Briefly, this is how it gets off the ground, as described here — technical details of the probabilistic model in a relatively palatable form. If we were to define some probabilities for a query term t, as shown below:

p    probability that t indexes a relevant document
q    probability that t indexes a non-relevant document.

……we would consequently get:

1-p    probability that t does not index a relevant document
1-q    probability that t does not index a non-relevant document

The term weight would then be given by the following equation:

 w(t) = log (p(1-q)/(q(1-p)))

To give real-world values to the term weight, it is expressed in terms of:

  • N — the document collection size,
  • R — the subset of relevant documents that are relevant for a search term t,
  • n — the number of documents indexed by term t,
  • r — the number of indexed documents that are relevant,
  • and some constants that are chosen for optimal results.

That is as far as we go here.

Like the vector space model, this model too calculates weights for documents that are indexed by the query terms.
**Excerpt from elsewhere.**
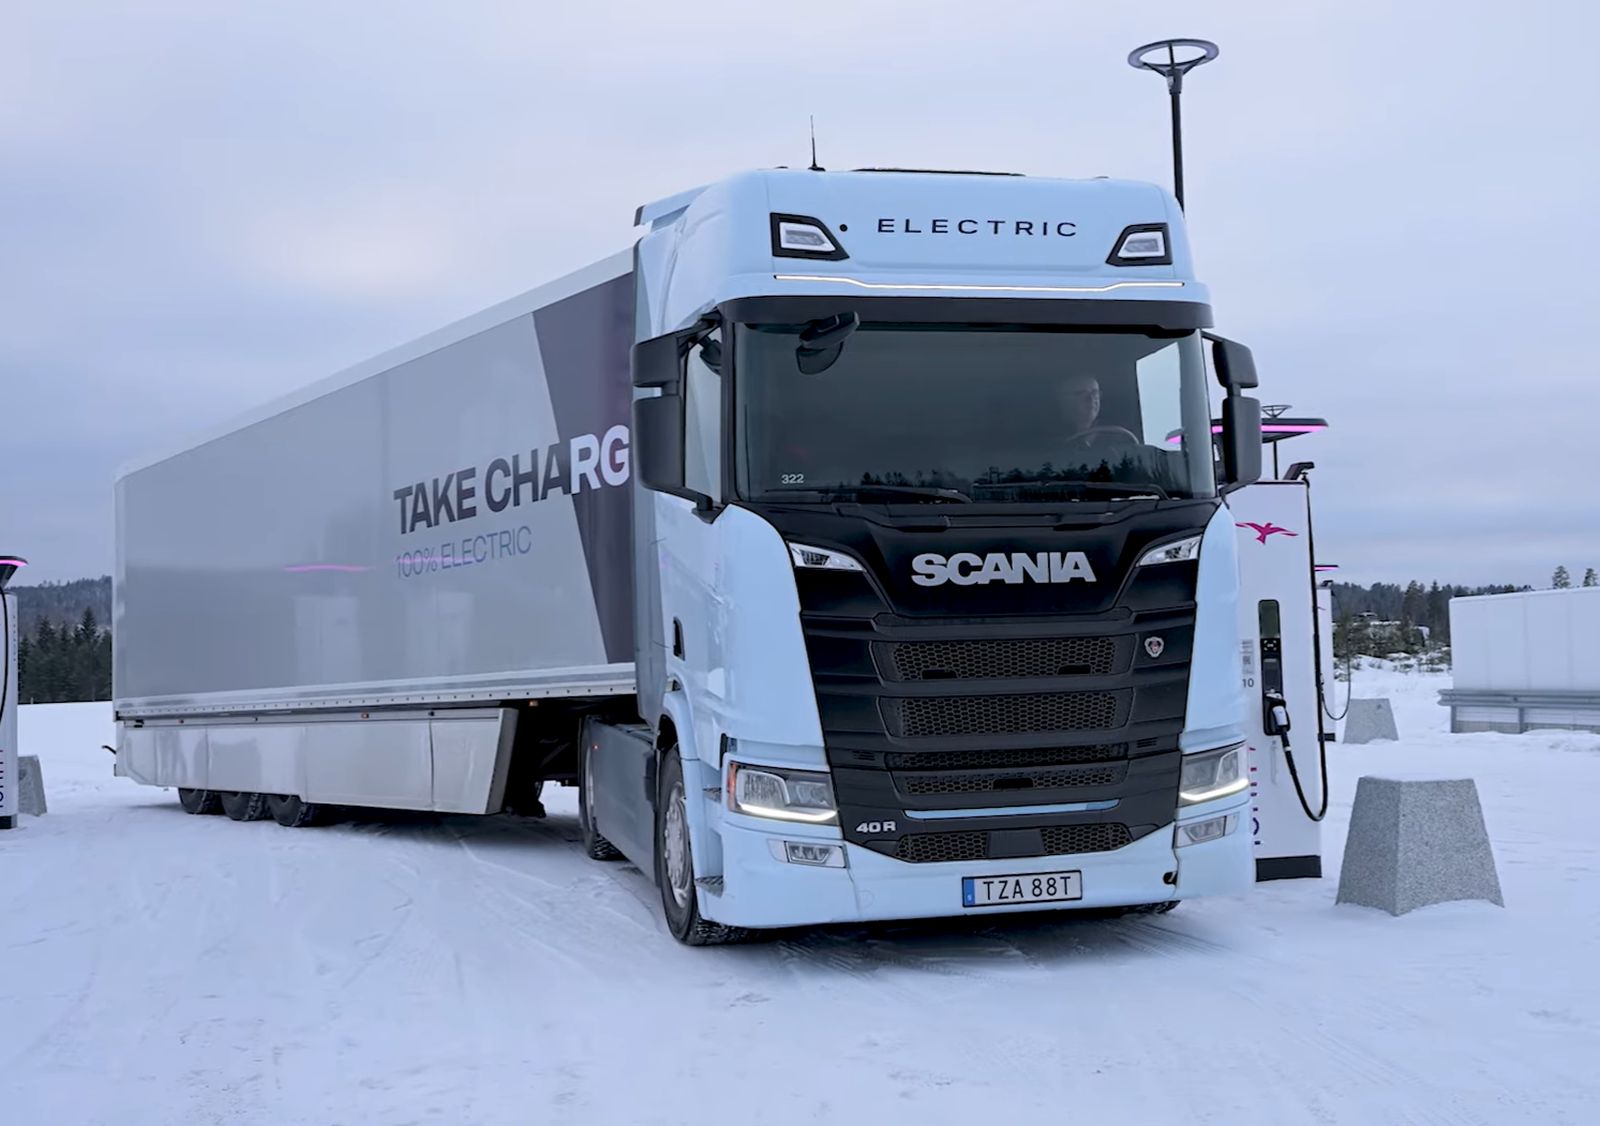 Električna Scania 40 R bez problema odradila putovanje od 550 km na debelom minusu 25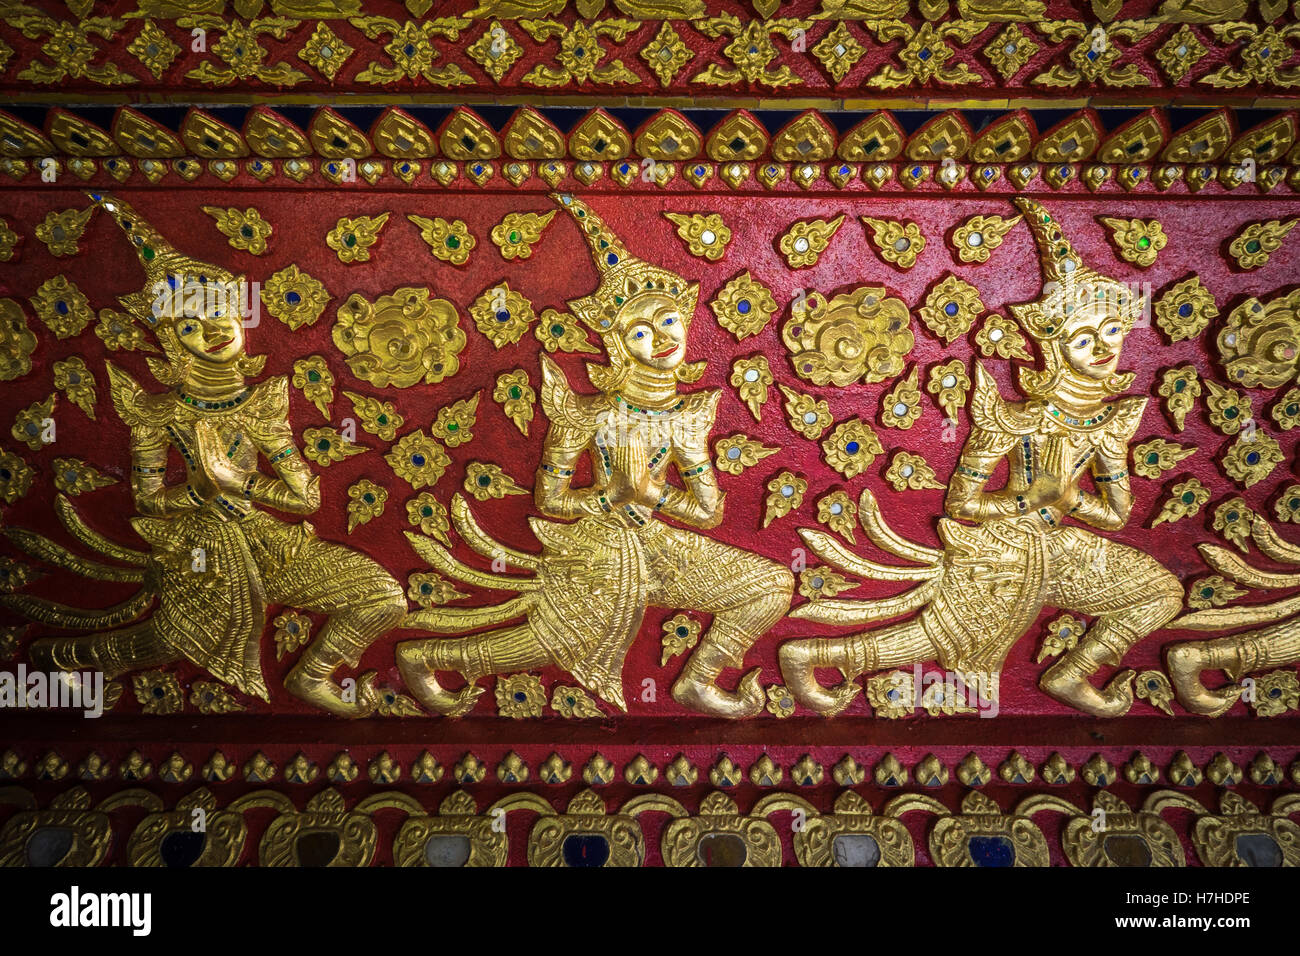 Detaillierten gemalte Kunstwerke im buddhistischen Tempel Wat Suan Dok in Chiang Mai, Nordthailand. Stockfoto

In the vector space model, the cosine similarity acts as a surrogate for this weight. But unlike for the vector space model, the document weights can keep changing based on user interaction. This model starts with a basic set of “relevant” documents in the result set, using in-document term counts or inverse document frequency (see term weighting in the Jargon Buster section from our previous article) to calculate document weights.

But the model expects the user to select the more relevant documents in this set, and resubmit the query, thereby allowing the model to reformulate the query, recalculate document weights, and revise the result set. In other words, the search process is iterative if it has to give increasingly meaningful results. For first-hand experience of this model at work, try this example of a search engine implementation using the probabilistic model with search-related queries.

To get a closer look at where the rubber meets the road, you can read how Lucene — a search engine from the Apache stables — ranks results. If you try out Lucene (or a similar search engine), you might get a glimpse into how the best of algorithms cannot avoid giving you counter-intuitive result rankings, or how sometimes, unlikely keywords can give you relevant results.

Is the quest for the perfect search destined to run aground in the sands of irrelevance? No — not if we can dress up the content.

Dressing up the content

The problem of getting consistent, usable search results has already been cracked by your public library. Imagine that you were searching for library books using key-words the way you search URLs on the Internet. There is no telling how long you would need to search before getting the relevant book; often, you may not even know which keywords to use.

But that is not how searching for books in a library has been happening for a long time, nor how you now search for MP3 songs on your personal music player. You search for books in a library using the library catalogue, and for music on your PMP using ID3 tags, which is nothing but metadata (data about data) describing the books and the music respectively.

While search as an activity had been happening in libraries for a long time, it emerged as a big-ticket application only with the advent of the Internet. With the novelty of this application, there also crept in the implicit assumption that Internet URLs are self-cataloguing. Although that is true to a certain extent when the “Title” and “Keyword” meta tags in HTML are populated correctly, we all know that in the race for search-engine rankings, the most sedate Web designers take extreme liberties with this cataloguing data, making it hard for it to serve any useful purpose. And we have realised that (key-) words that appear directly in the content provide poor and inconsistent self-cataloguing of the content.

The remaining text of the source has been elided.